INSTRUCTIONS FOR THE TASK: Starting with the line that contains "empapado de lluvia", repeat exactly every line through the last one in the records below, and leave out the pictures.

─── INPUT FOR THIS TASK

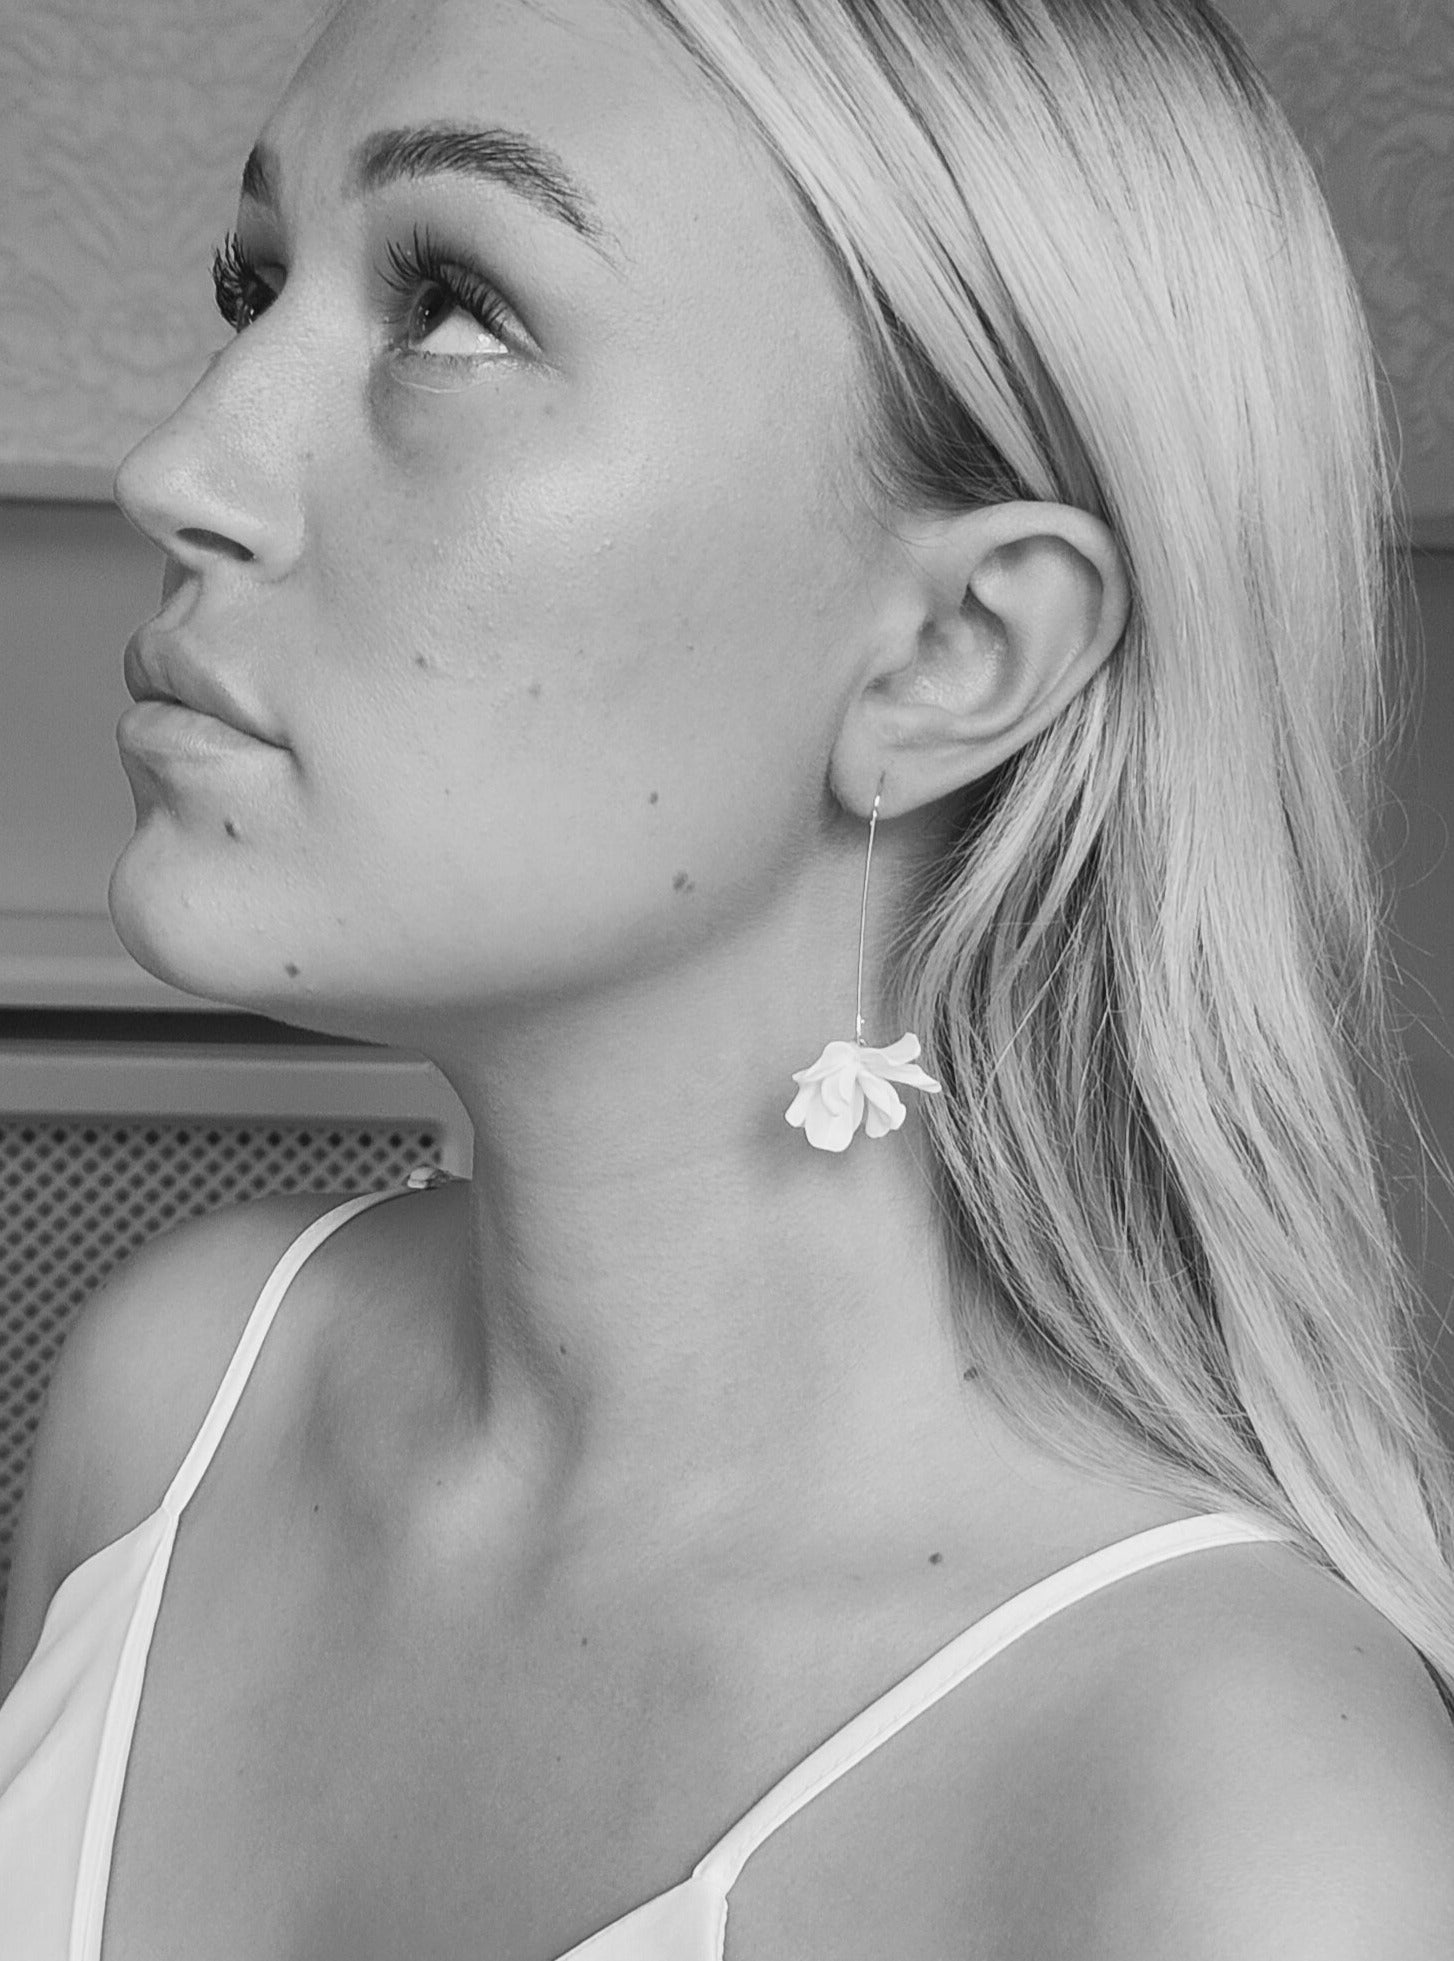 CZ Pear Drop Bridal Earrings - Cassandra Lynne
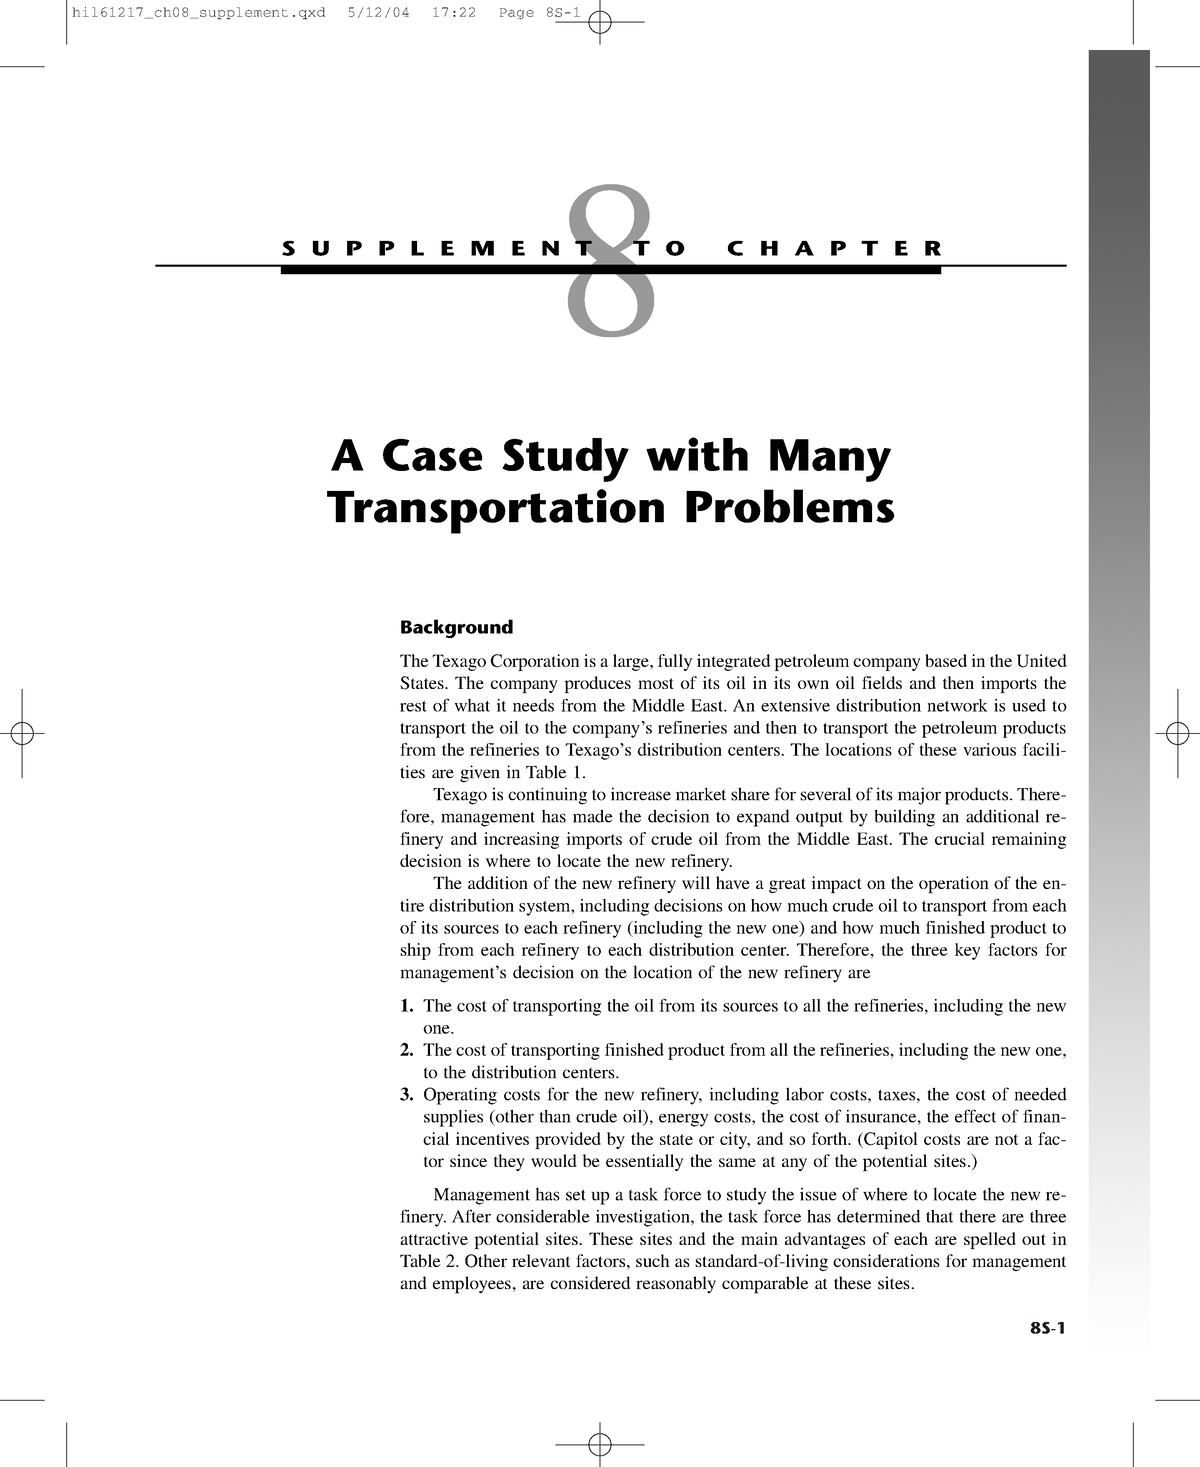 case study on transportation problem
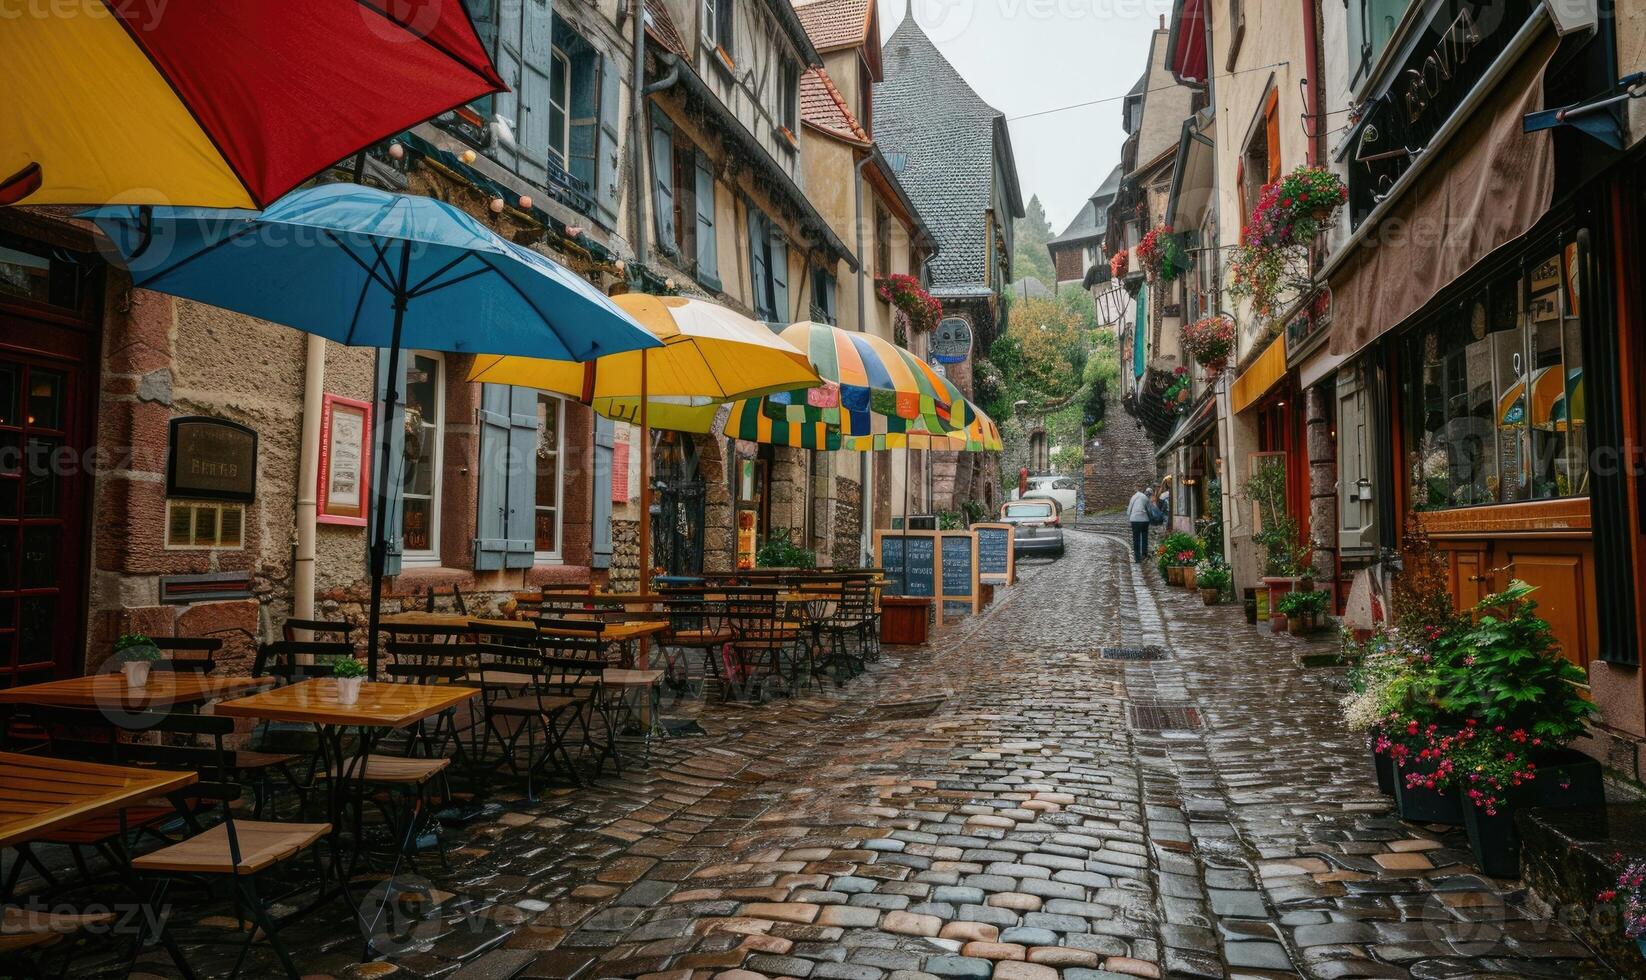 empapado de lluvia guijarro calles devanado mediante un histórico europeo pueblo foto
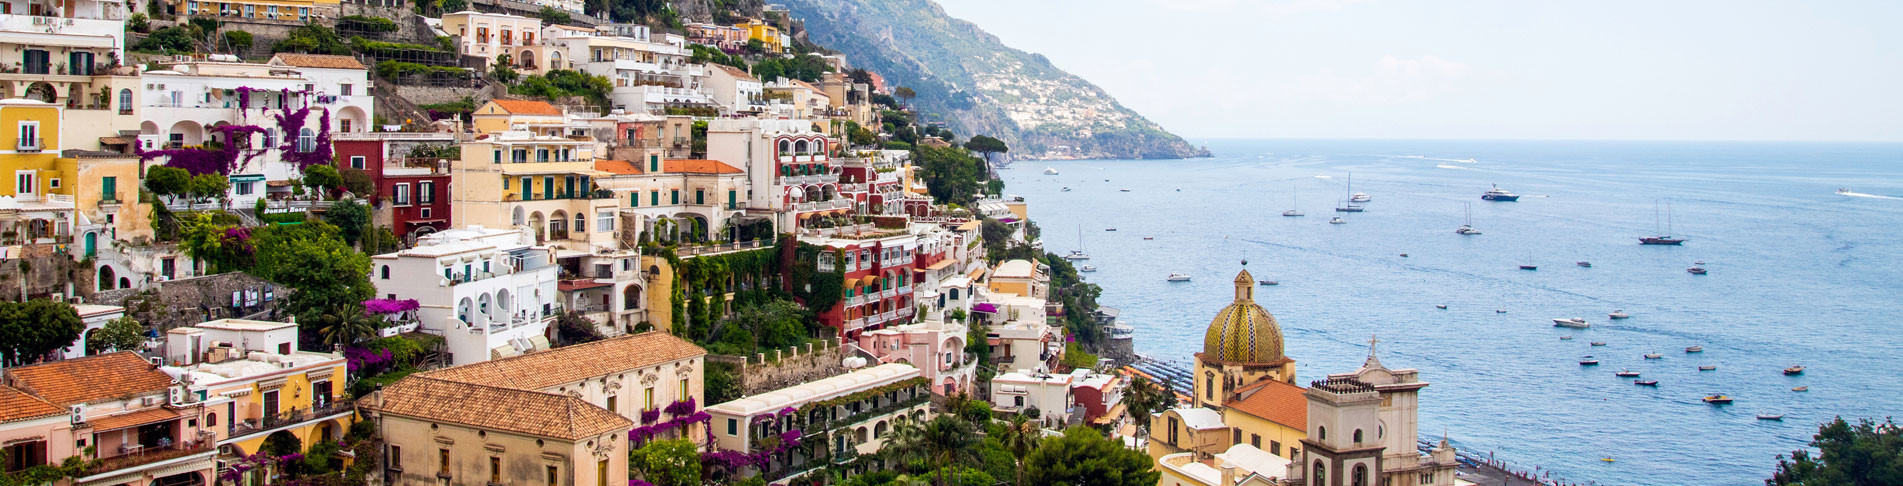 Positano in Italien bei einem All Inclusive Urlaub erkunden
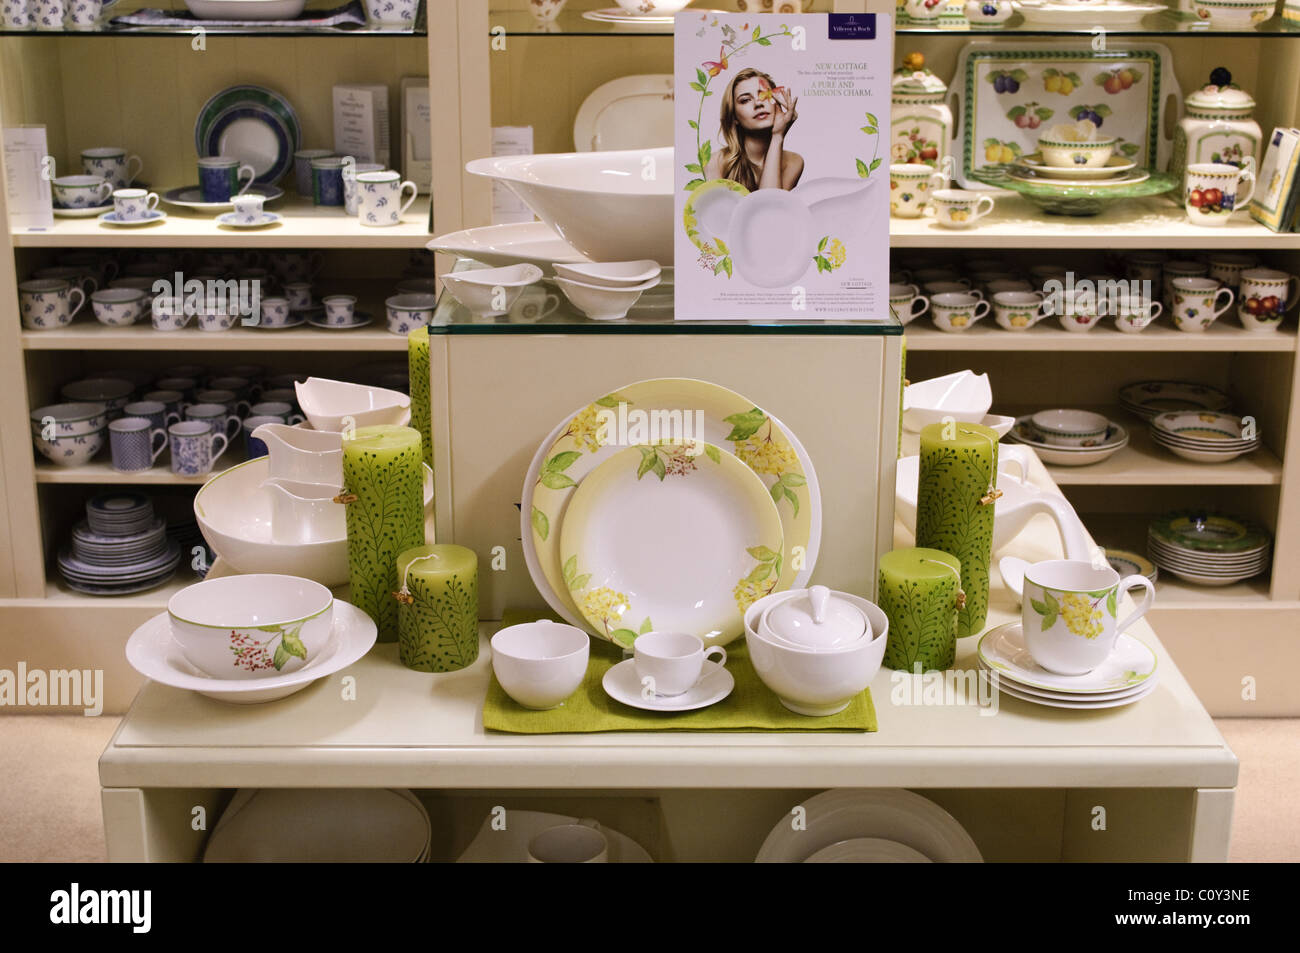 Vaisselle Villeroy & Boch en exposition dans un magasin de porcelaine Banque D'Images

──────

RESULT OF THE TASK:
 empapado de lluvia guijarro calles devanado mediante un histórico europeo pueblo foto
 Positano in Italien bei einem All Inclusive Urlaub erkunden
 Vaisselle Villeroy & Boch en exposition dans un magasin de porcelaine Banque D'Images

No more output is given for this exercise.